Top of EXTRACTED MATERIAL

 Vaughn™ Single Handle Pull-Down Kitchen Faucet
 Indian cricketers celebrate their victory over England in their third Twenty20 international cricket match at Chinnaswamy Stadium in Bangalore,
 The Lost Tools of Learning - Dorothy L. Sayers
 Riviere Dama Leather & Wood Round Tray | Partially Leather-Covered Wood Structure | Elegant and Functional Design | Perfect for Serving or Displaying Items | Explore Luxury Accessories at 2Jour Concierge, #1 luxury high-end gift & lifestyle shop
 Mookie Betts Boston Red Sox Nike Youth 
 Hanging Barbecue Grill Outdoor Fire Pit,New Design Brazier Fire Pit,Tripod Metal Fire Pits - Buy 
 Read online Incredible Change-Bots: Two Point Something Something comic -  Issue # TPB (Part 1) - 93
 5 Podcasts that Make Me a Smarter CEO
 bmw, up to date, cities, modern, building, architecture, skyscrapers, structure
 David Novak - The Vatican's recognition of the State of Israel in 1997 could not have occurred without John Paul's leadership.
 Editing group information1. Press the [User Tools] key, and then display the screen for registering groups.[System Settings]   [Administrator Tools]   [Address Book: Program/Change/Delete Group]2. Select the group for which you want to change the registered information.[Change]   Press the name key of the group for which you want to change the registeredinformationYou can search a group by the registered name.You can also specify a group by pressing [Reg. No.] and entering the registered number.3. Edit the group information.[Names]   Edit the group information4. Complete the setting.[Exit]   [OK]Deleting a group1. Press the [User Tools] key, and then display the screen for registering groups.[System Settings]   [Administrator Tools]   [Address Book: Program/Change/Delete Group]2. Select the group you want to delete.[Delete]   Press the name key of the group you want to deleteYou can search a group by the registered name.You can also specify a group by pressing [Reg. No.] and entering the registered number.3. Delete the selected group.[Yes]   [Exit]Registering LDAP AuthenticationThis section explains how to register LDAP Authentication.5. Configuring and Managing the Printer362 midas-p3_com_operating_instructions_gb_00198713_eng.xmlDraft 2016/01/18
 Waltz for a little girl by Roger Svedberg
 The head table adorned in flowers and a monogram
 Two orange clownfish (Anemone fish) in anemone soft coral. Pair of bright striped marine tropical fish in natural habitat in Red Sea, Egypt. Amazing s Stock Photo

Bottom of EXTRACTED MATERIAL

> [TASK INSTRUCTIONS] Find how many lines in the data above include the string "Design", and give that number alone.

> [COMPLETED TASK] 2